# htree/reserved/0 win 98



## elmer (Oct 7, 2002)

Really do not know if the subject is the cause. After attempting to install software, after system shutdown and then restart, got windows protection error during startup. End of bootlog is below. 

Can only start in safe mode.

Have tried just about everything else and have not been able to find this addressed elsewhere.

Any ideas?

Thanks

at end of bootlog, found

Starting unknown 000F2BE9 HTREE\reserved\0
Starting unknown 000F2BE9 HTREE\reserved\0
Enumerating unknown 000F2BEF HTREE\reserved\0
Enumerating unknown 000F2BEF HTREE\reserved\0


----------



## Mosaic1 (Aug 17, 2001)

How long ago did this happen?
If less than 4 days, try a registry restore.
Restart. Hold the Ctrl Button down to bring up the Boot menu.
Choose Command prompt only.
Type scanreg /restore and press enter

Choose one of the registries from before the date this happened
EXCEPT the oldest registry.
This will replace the current registry with one from before this happened.

If it is too late for that, then I have an idea about removing an entry in your registry. 
But see if this works first.
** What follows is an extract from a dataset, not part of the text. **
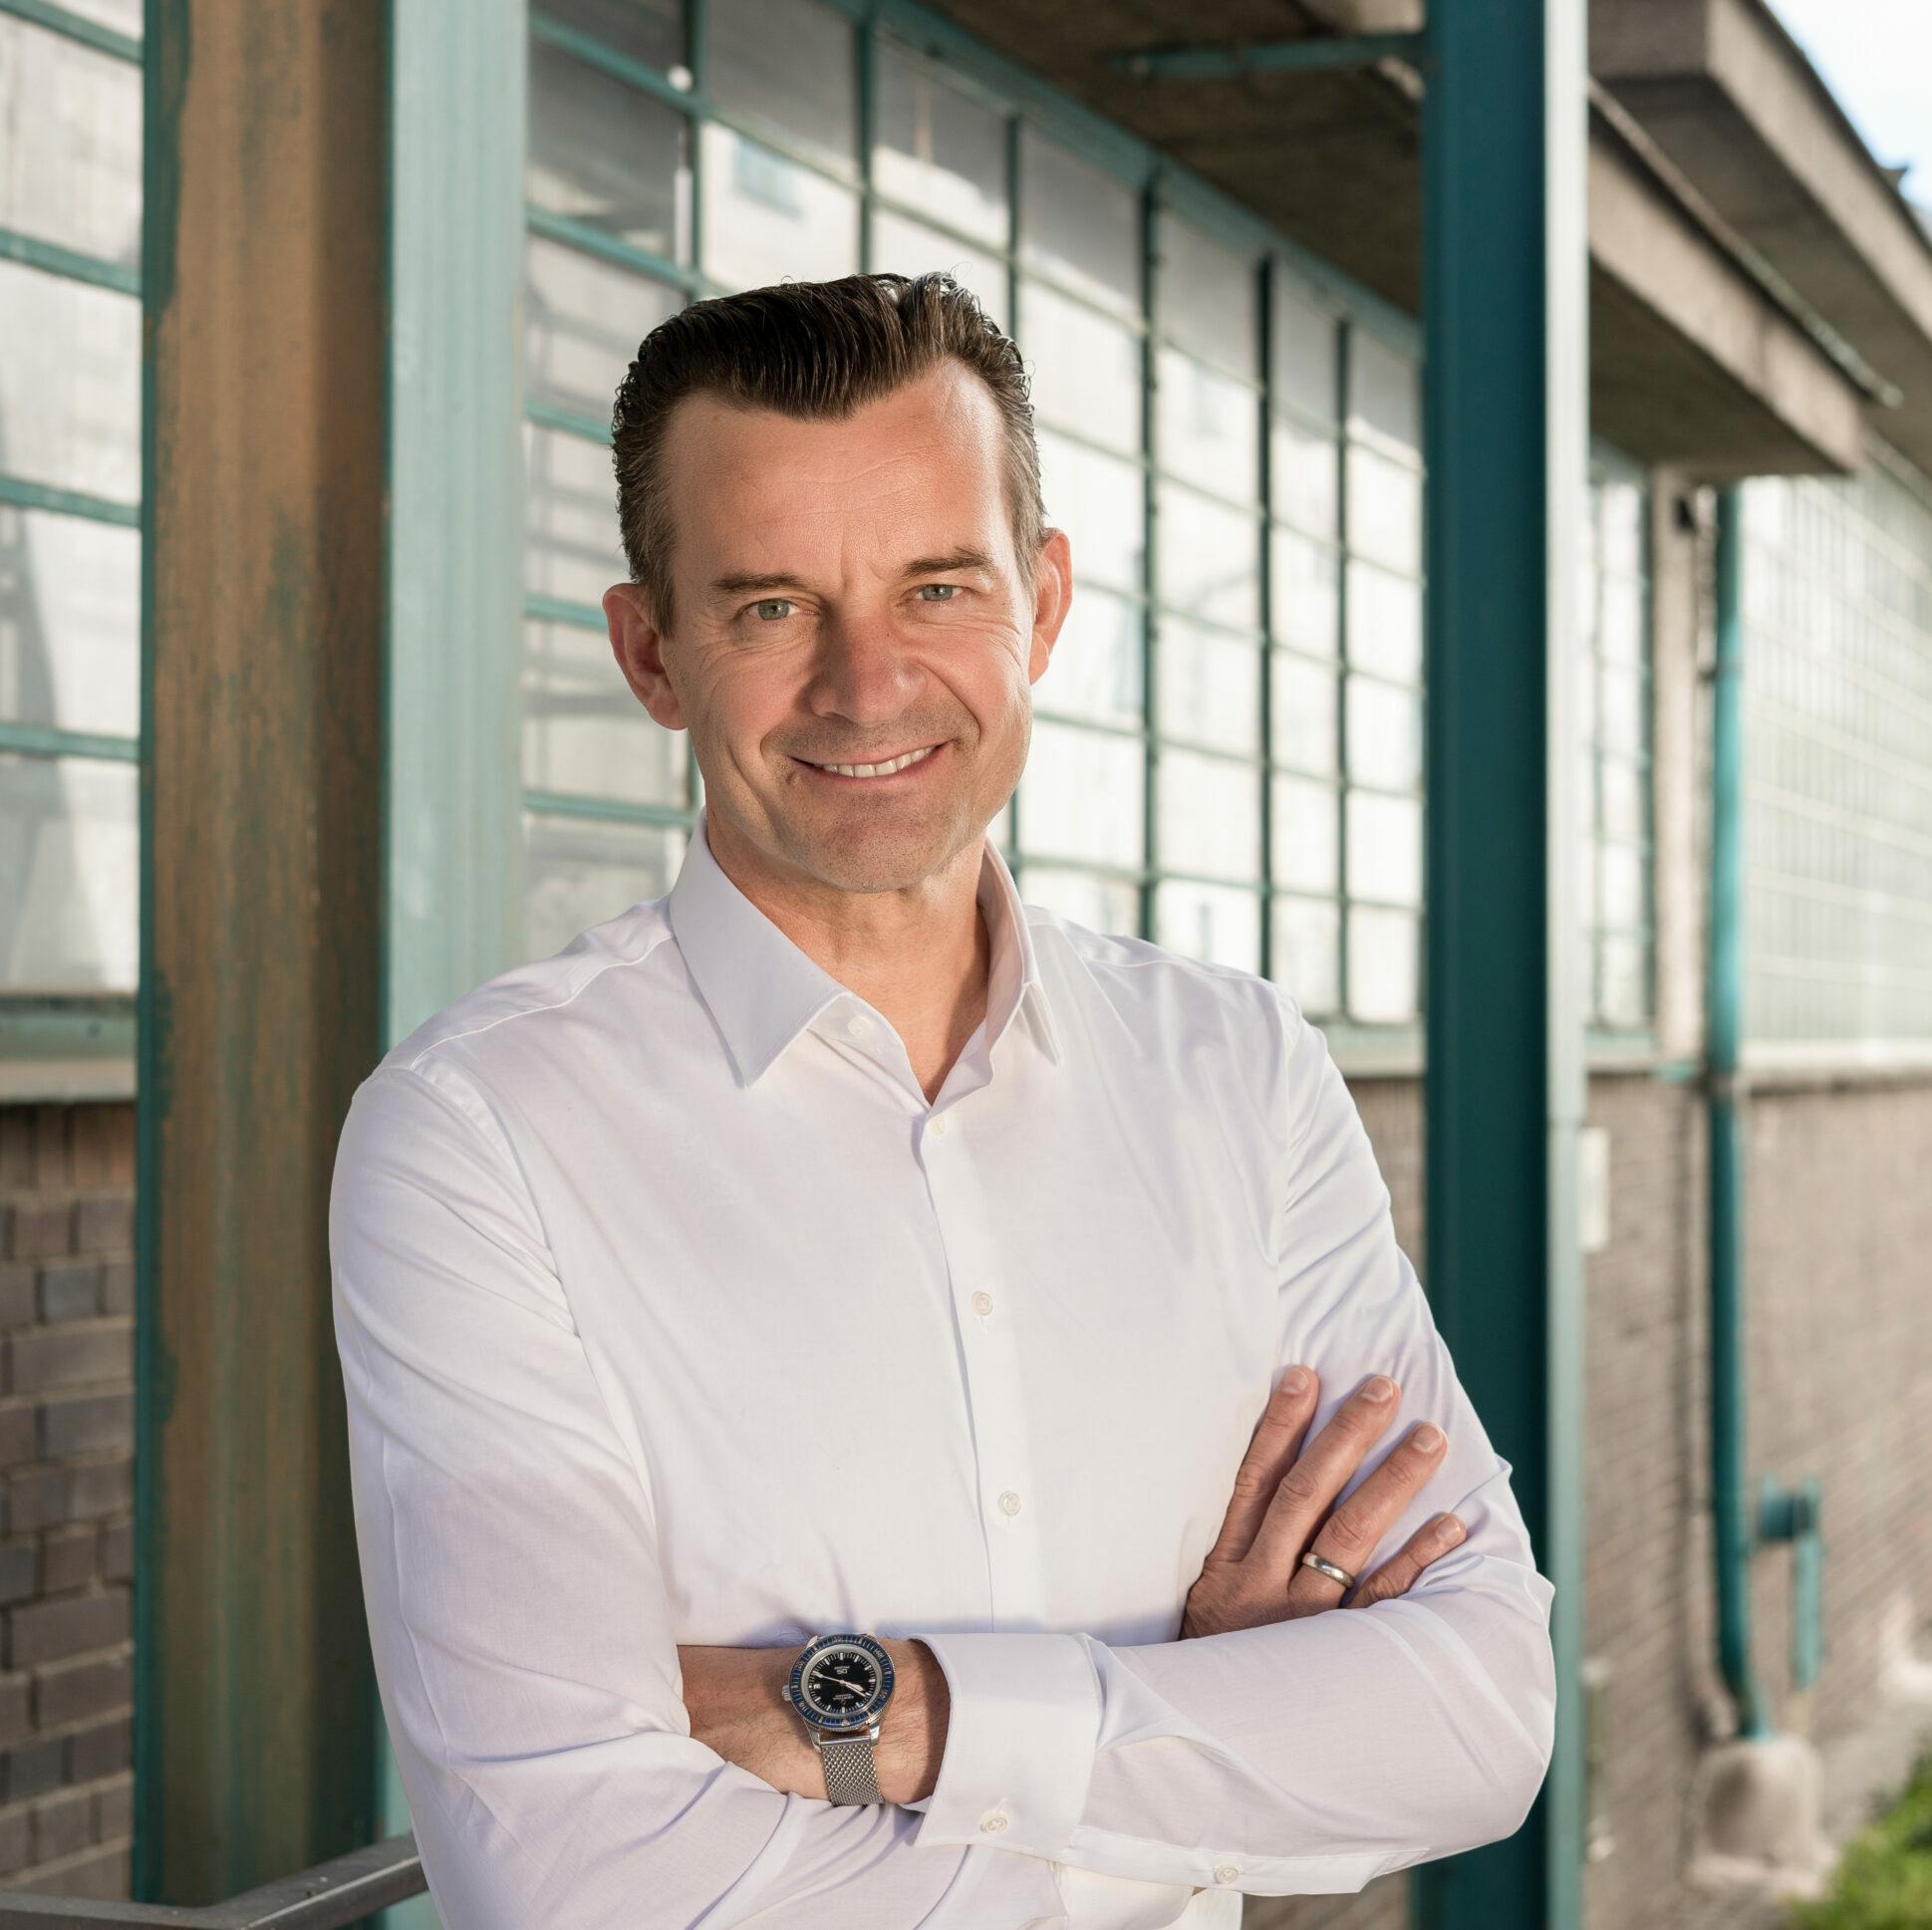 Gerhard Kürner CEO & Founder 506.ai

And I would also need more information from you. 

What software was it?
And what is the exact word for word error message please?


----------



## Mosaic1 (Aug 17, 2001)

You might also start into Safe Mode and see if you can uninstall this Software you installed the other day. Afterwards, reboot and see if you can get into Windows. 
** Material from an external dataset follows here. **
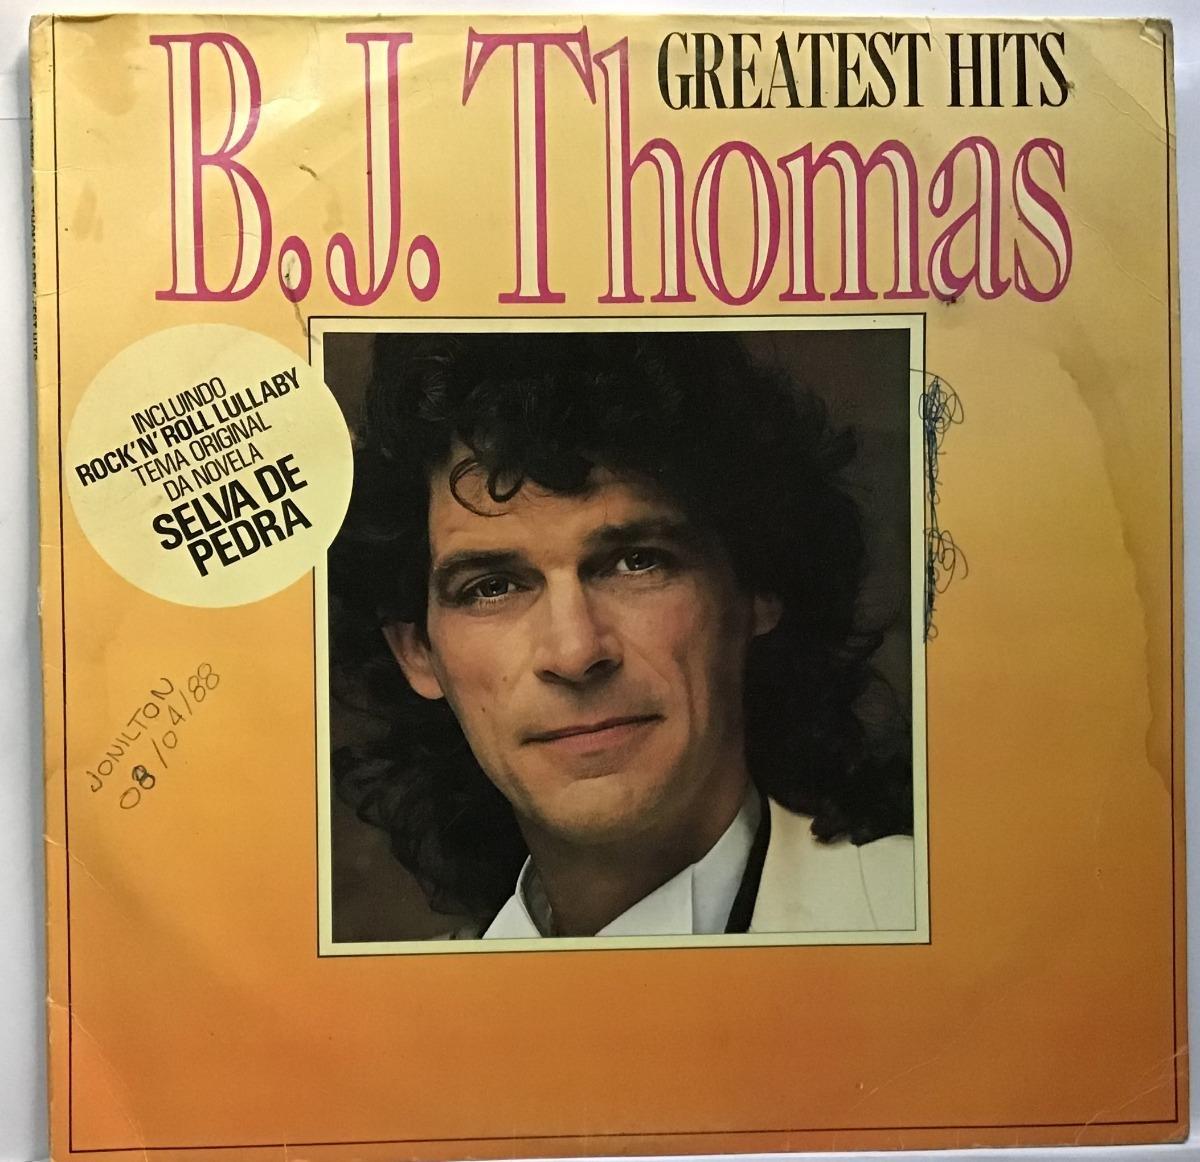 Lp B j  Thomas - Greatest Hits - Rock'n' Roll Lullaby -

Another thing to try is to boot into Safe Mode. Go to Start>run and type msconfig. On the first page, Choose Selective Startup.
Take the check mark out of everything except "Load Startup Group Items.

Restart. Can you get into Windows. If so, good. Post back.

If not, start into Safe Mode again. This time do not Load Startup Group Items.

Restart into Windows. Can you get in now? If so, you need to go back and be sure to select systray and scanreg in Msconfig>Startup
After that, select a program at a time and restart. Do that until you find a problem starting. The last program you enabled will be the culprit.


----------